Artists
Sam Francis
San Mateo, USA 1923-1994
The American artist Sam Francis was born in San Mateo in 1923. In 1944 the training plane he was on board crashed violently over the Arizona desert. The accident caused the artist a spinal injury resulting in spinal tuberculosis. The disease forces him to bed and it is to distract himself from the pain that he begins to paint.
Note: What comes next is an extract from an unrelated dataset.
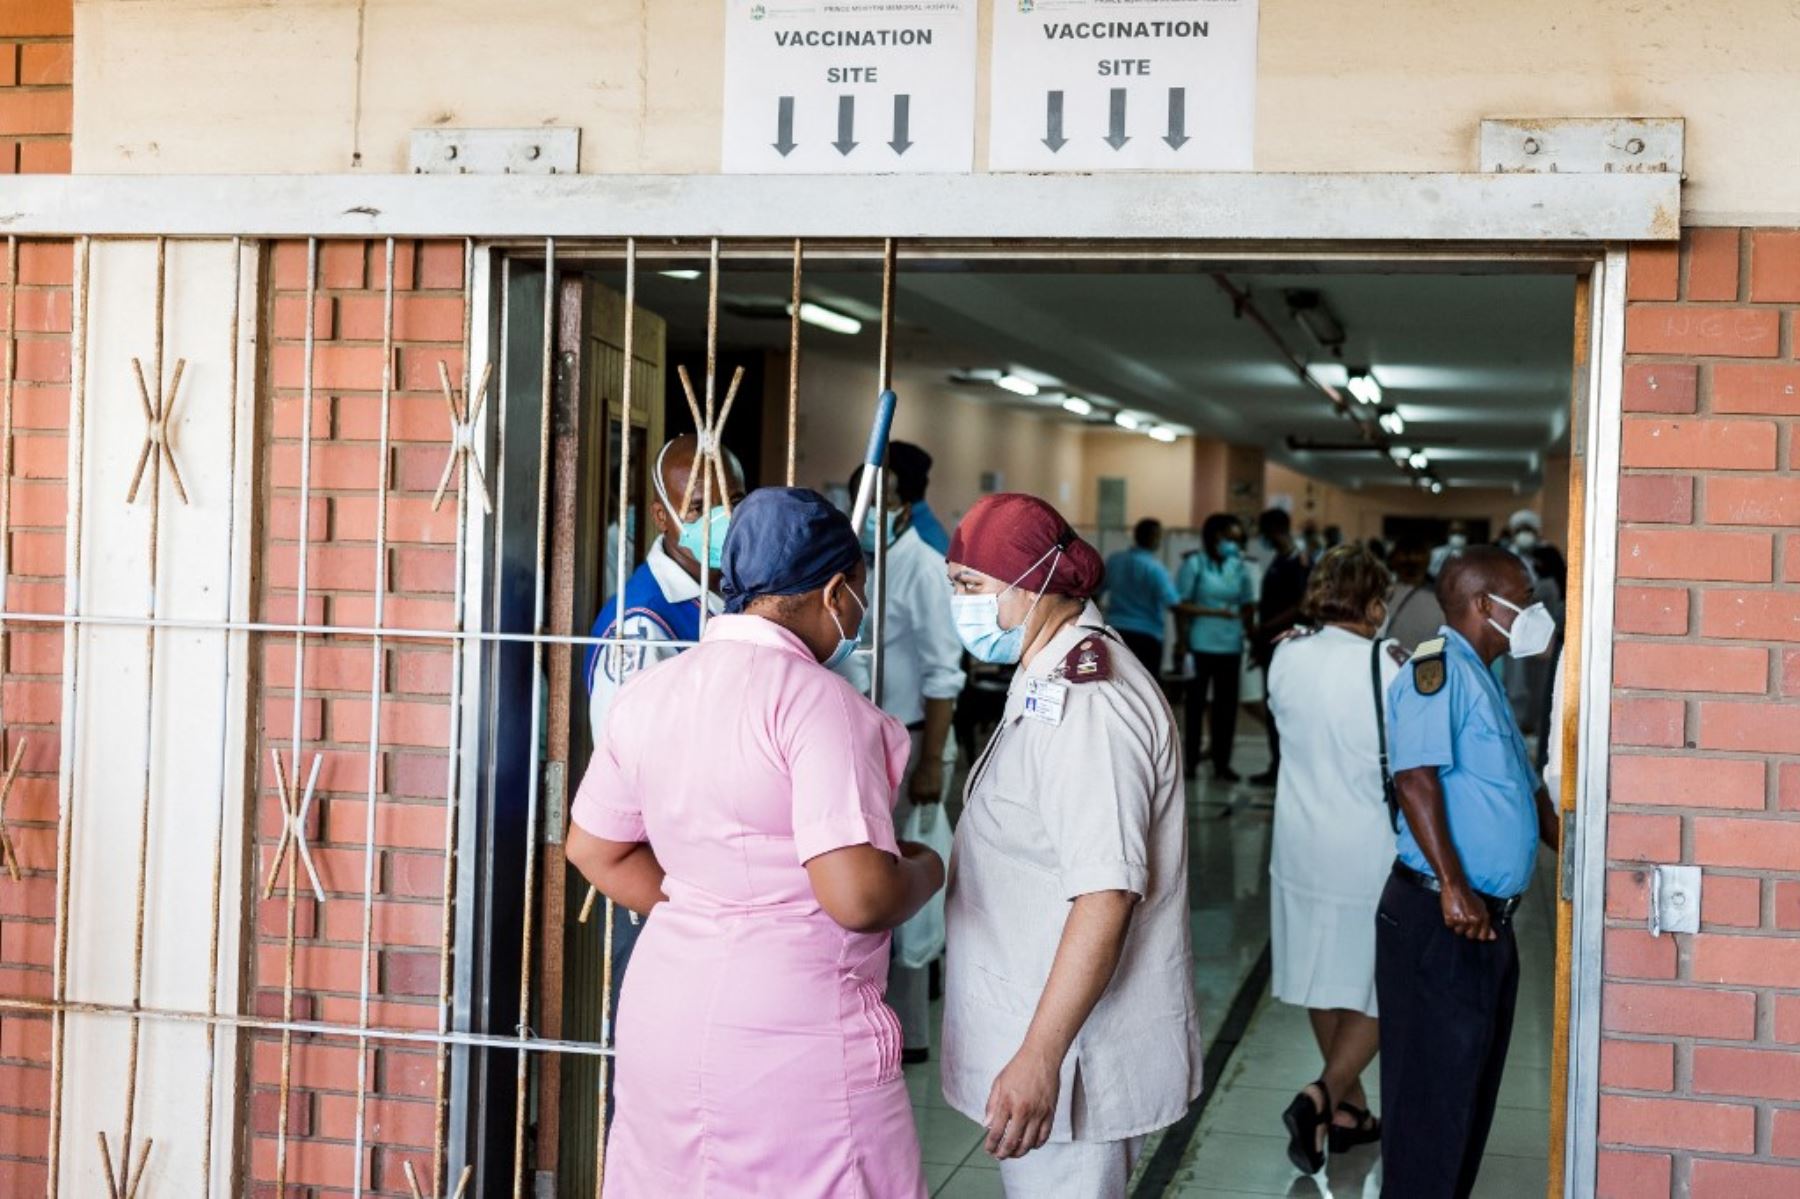 Los trabajadores de la salud se reúnen en un sitio de vacunación para recibir una dosis de la vacuna Johnson & Johnson contra el coronavirus covid-19 mientras Sudáfrica avanza con su campaña de inoculación en el Hospital Prince Mshiyeni en Umlazi, al sur de Durban, el 18 de febrero de 2021. Foto: AFP

Initially his paintings are characterized by monochrome and bright colors, which the artist uses almost as a celebration of his survival from that tragic misfortune. Later his works are replaced by paintings with splashes, drips and brush strokes of even more brilliant colours. He then creates pieces in which he brings out the empty white spaces between the painted edges of the canvas. In 1970 he began to create a series of lithographs and monotypes influenced by Abstract Expressionism and Color field painting (literally "color field painting", an artistic movement in which large canvases are used on which the color is spread).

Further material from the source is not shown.